The Rules of Backyard Cricket
- Author: Jock Serong
- Language: English
- Genre: Novel
- Publisher: Text Publishing
- Publication date: 2016
- Publication place: Australia
- Media type: Print
- Pages: 291 pp.
- ISBN: 9781925355215

= The Rules of Backyard Cricket =

2016 novel by Australian writer Jock Serong

The Rules of Backyard Cricket is a 2016 crime fiction novel by Australian author Jock Serong.
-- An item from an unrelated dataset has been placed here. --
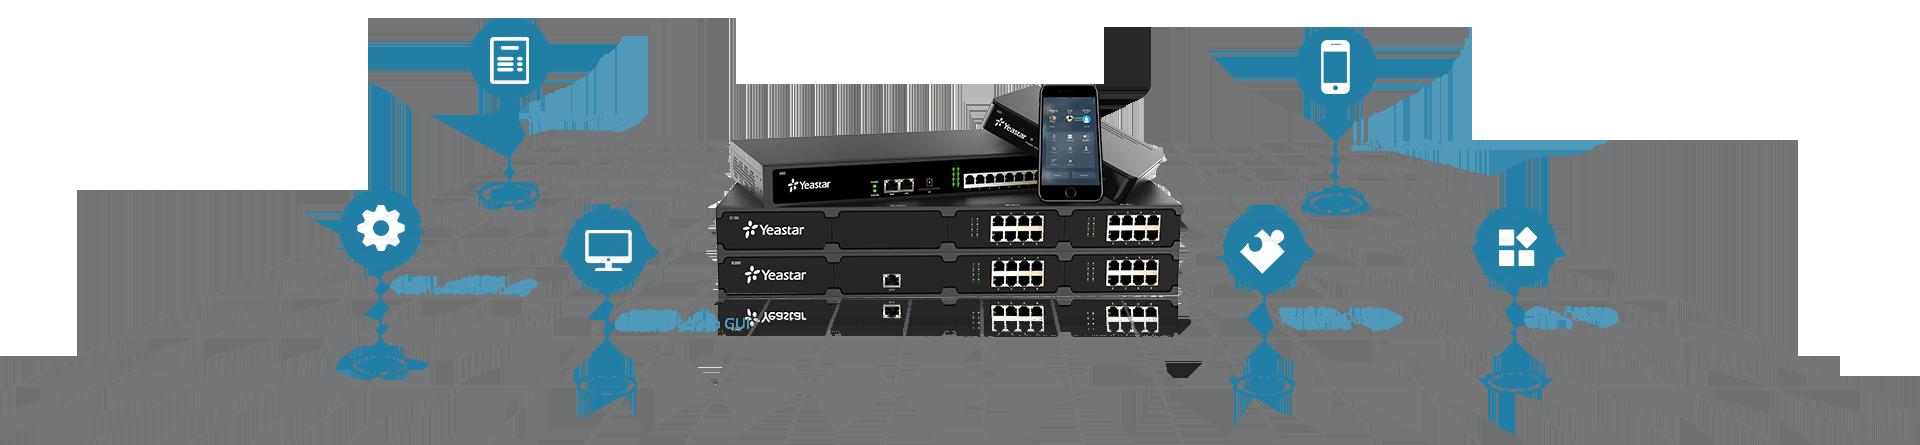 S-Series VoIP PBX

It was described as a "bestseller" on the Publishers Weekly website in October 2016.

==Synopsis==
This is the story of two Australian brothers who start off playing cricket against each other in their backyard: Wally Keefe who ends up a professional cricketer; and Darren who ends up shot in the knee, bound and gagged in the boot of a car.

== Critical reception==

Writing in Australian Book Review reviewer Craig Billingham noted: "Reminiscent of Malcolm Knox's A Private Man (2004), which also featured a professional cricketer, the subject under investigation in The Rules of Backyard Cricket is a recognisable variant of the Australian male: white, laconic, barrel-chested, hands shaped by long exposure to bats and balls and beer bottles."

In the Sydney Morning Herald Sue Turnbull called the novel "Beautifully written and acutely observed, The Rules of Backyard Cricket is a noir tour de force."